Please keep pictures out and return the lines below exactly, from the one holding "Nicolette & Curtis_Wedding_Bride" through the last, both included.

### Provided material:
··········

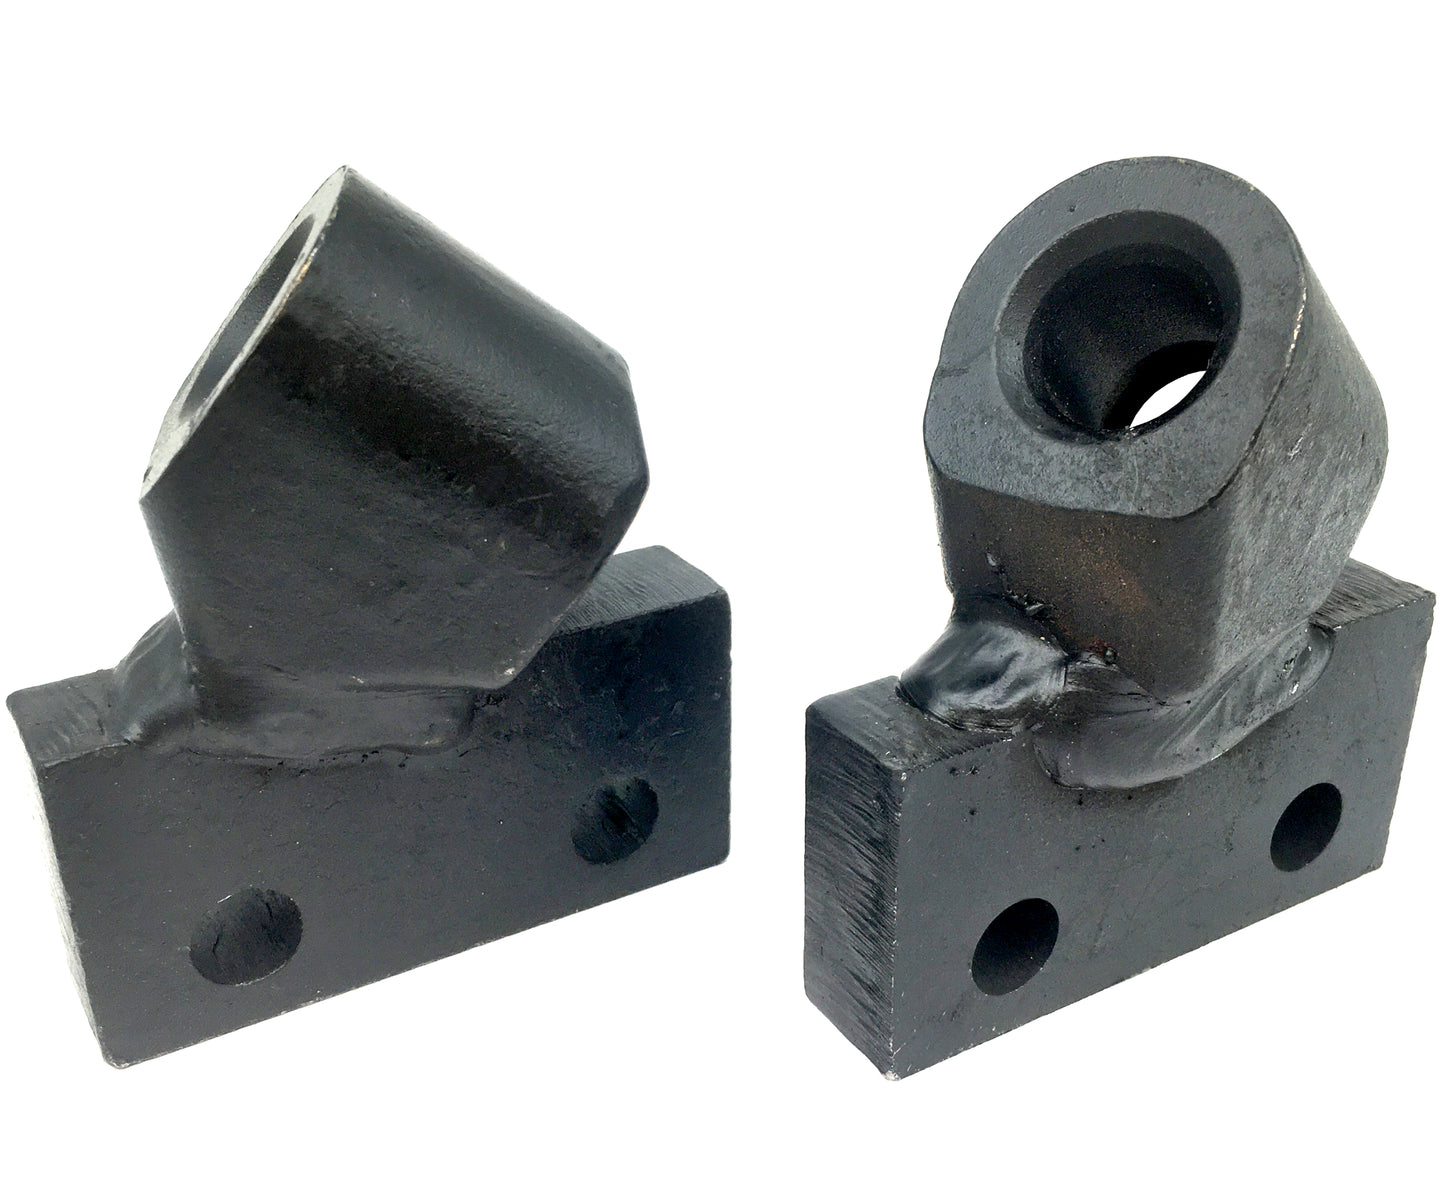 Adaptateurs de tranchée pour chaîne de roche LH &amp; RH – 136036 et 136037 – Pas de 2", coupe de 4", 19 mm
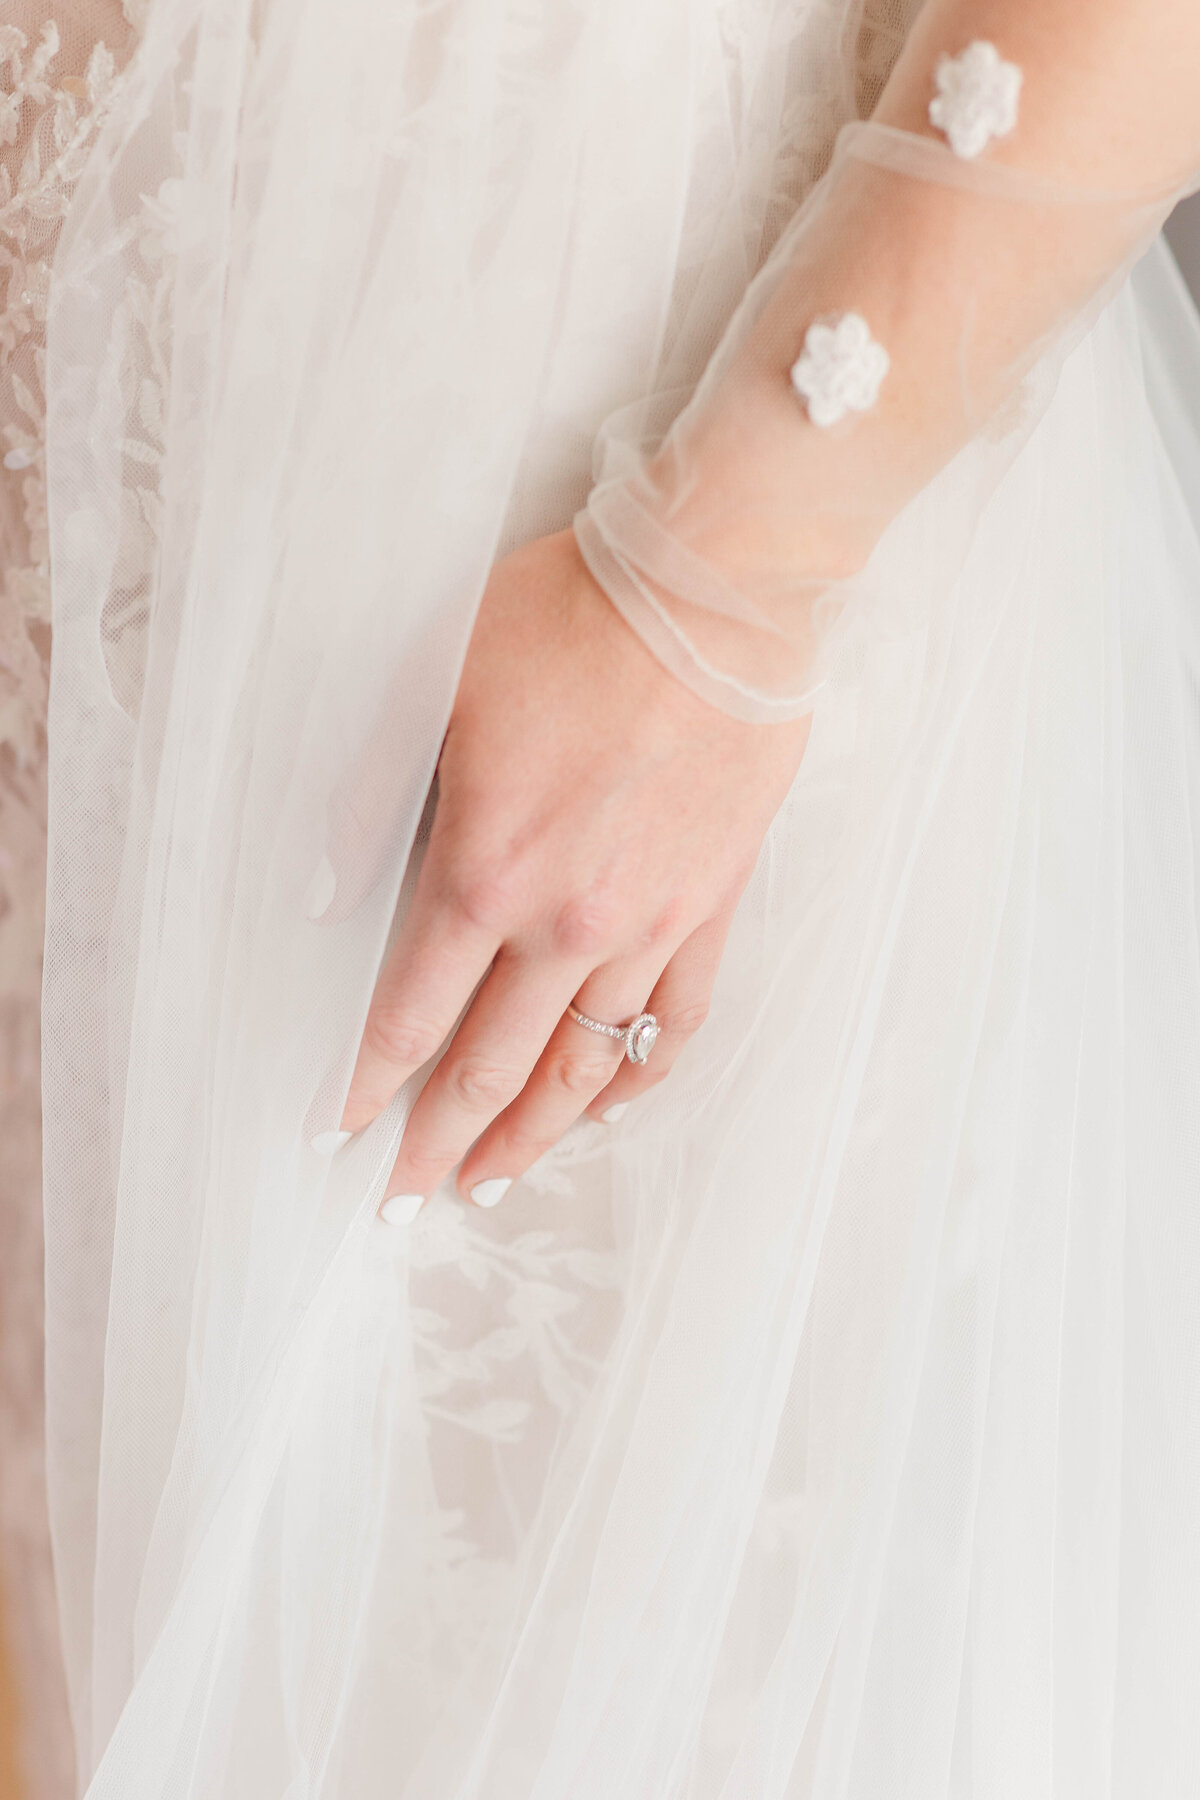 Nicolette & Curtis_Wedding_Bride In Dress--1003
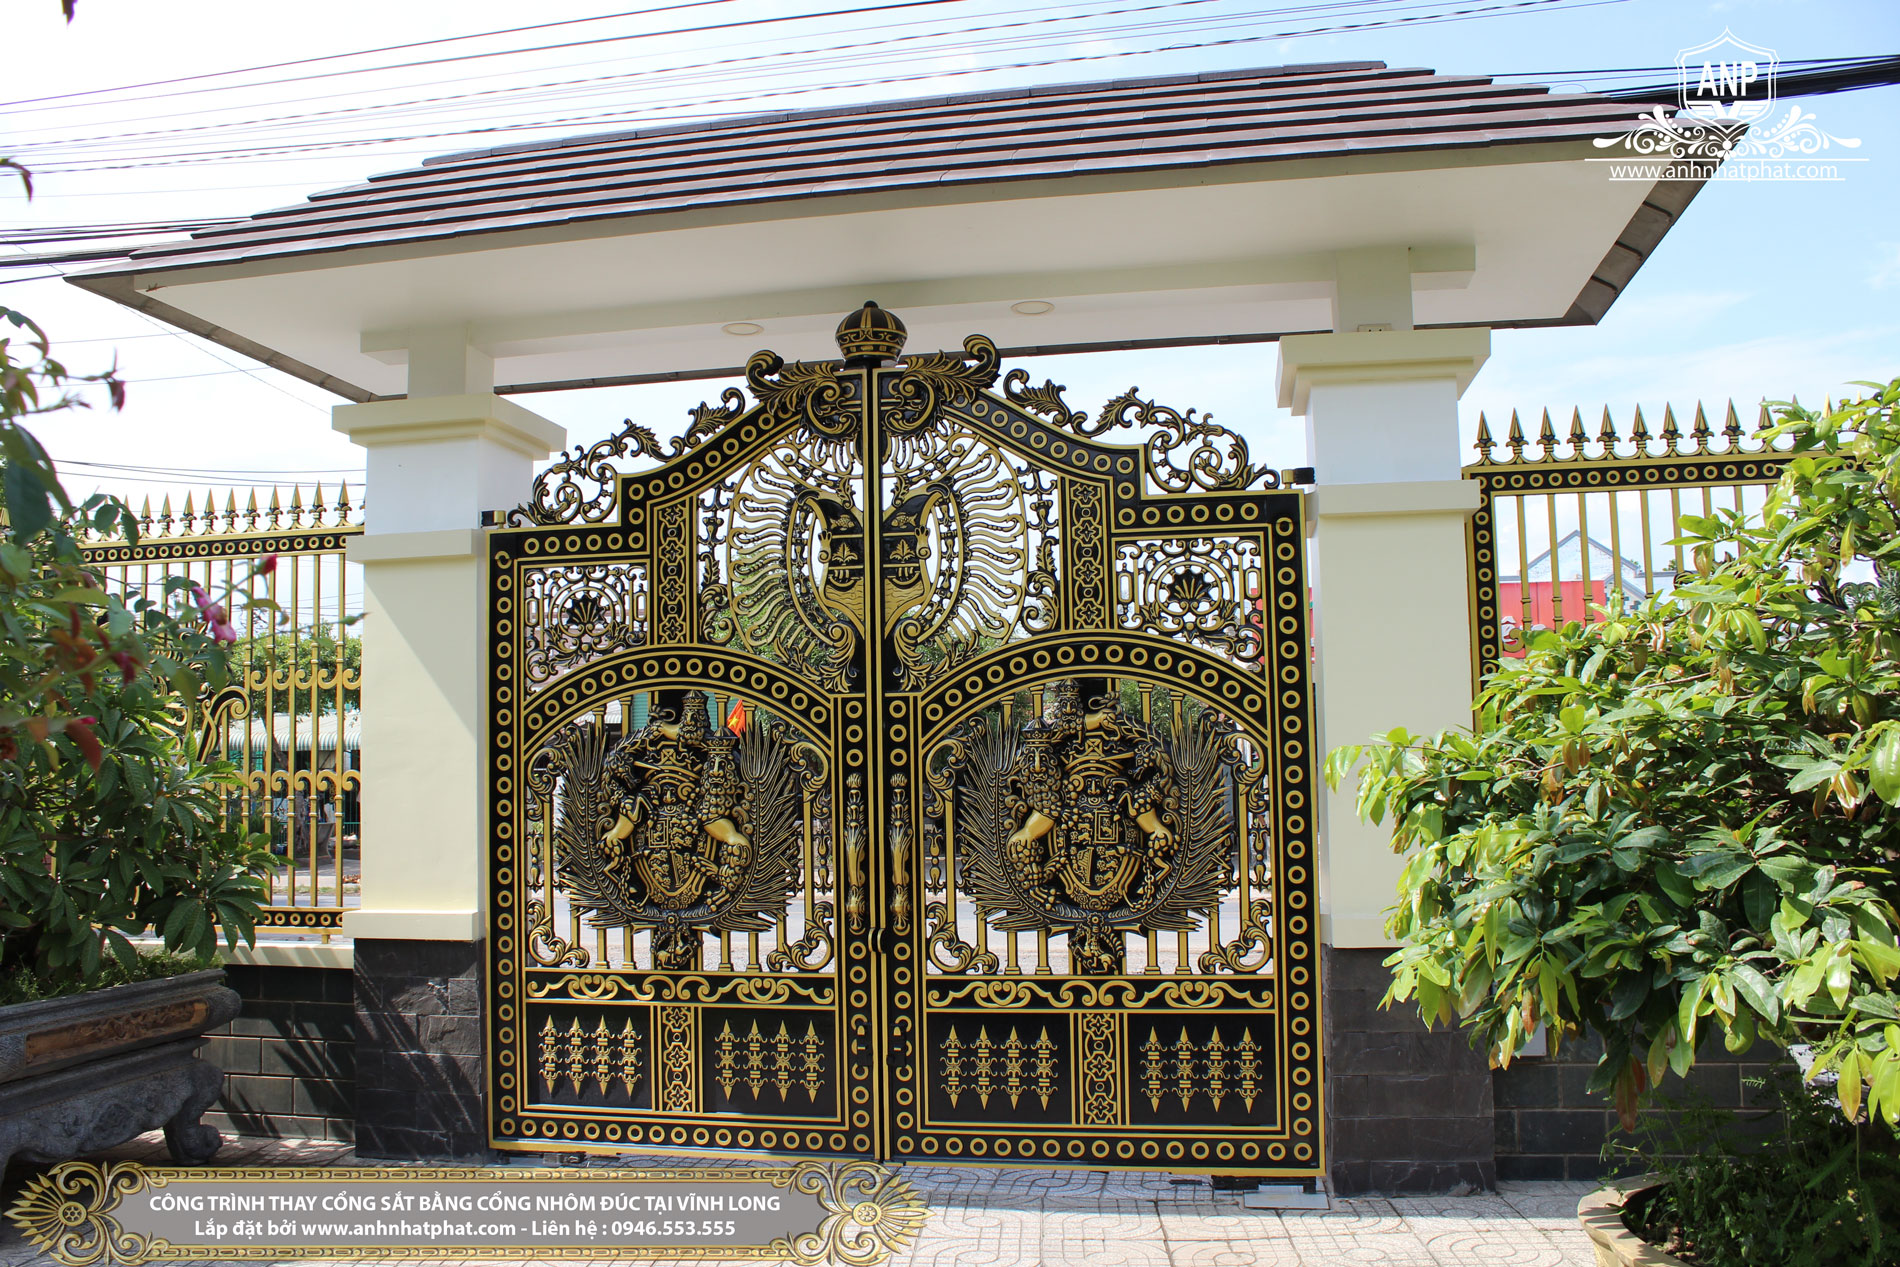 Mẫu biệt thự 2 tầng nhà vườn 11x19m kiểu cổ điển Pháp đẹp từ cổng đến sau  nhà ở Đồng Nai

··········

### Output of the task:
 Nicolette & Curtis_Wedding_Bride In Dress--1003
 Mẫu biệt thự 2 tầng nhà vườn 11x19m kiểu cổ điển Pháp đẹp từ cổng đến sau  nhà ở Đồng Nai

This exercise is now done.